労働条件と福利厚生 職場環境は、仕事を取り巻く環境だけを指すのではありません。社員1人ひとりが良好な状態で働くためにも、妥当性の高い給与が支給されるなどの労働条件が整っていることも大切です。 また、有給休暇を取得しやすいこと、夜間や休日などに業務関連の連絡を入れないことなどのプライベートを守れることも重要な要素といえます。独自の休暇制度があったり、スポーツジムなどを手軽な料金で利用できたりなどの福利厚生が整っていることも、働きやすい環境をつくる要素です。
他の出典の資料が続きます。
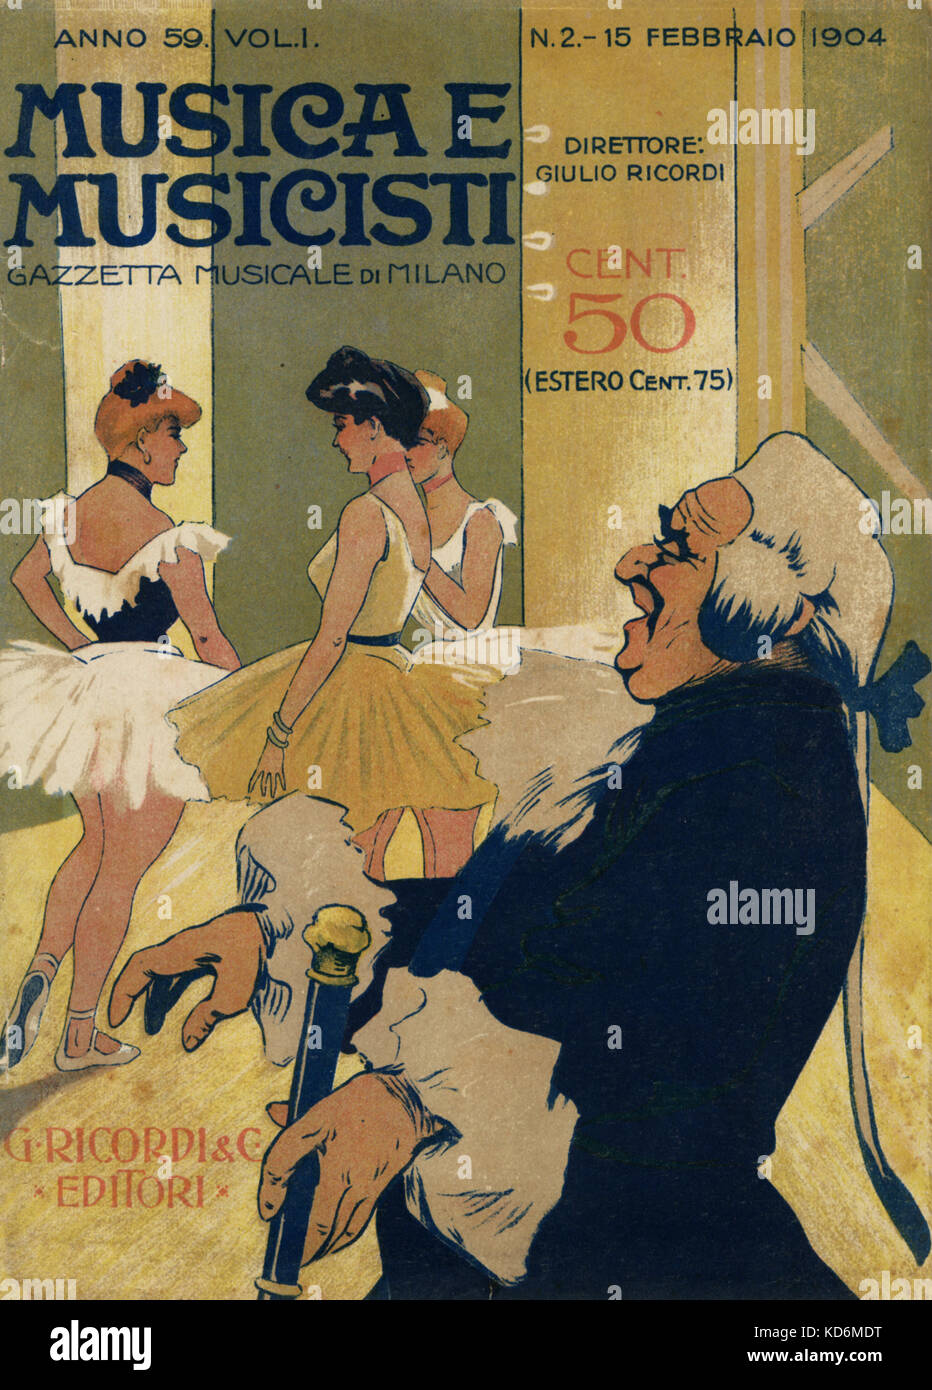 Musica e Musicisti" des 20. Jahrhunderts italienische Musik Magazin,, die musikalische Zeitung von Mailand, mit drei Ballerinas in typischen 1900er Stil, mit Ballet Master. Stockfoto

オフィスの立地や設備、空調、清潔さ 例えば、駅からの距離や建物の入りやすさ、エレベーターの有無などのオフィスを取り巻く環境も職場環境の1つです。ほかにも1人ひとりの作業スペースや、休憩室や社員食堂、トイレ、洗面所などのオフィス内部の環境が使いやすく清潔であることも重要なポイントといえます。 また、空調設備が快適であることもオフィスの物理的環境を左右します。暑すぎる・寒すぎる・湿度が高すぎるなどの環境では、業務に専念することはできません。
社内の設備 物理的な設備が整っているだけでは、優れた職場環境とはいえません。それぞれの設備が、働きやすい状態に整っていることが大切といえます。 例えば、長時間座っても疲れにくい椅子、作業しやすい高さに調整されたデスク、快適なインターネット環境などは、働きやすさを左右する要素です。また、待ち時間が少ないように工夫されたエレベーターや、動線が短くなるように計算しつくされた空間配置なども、社員の働きやすさを引き出す環境だといえます。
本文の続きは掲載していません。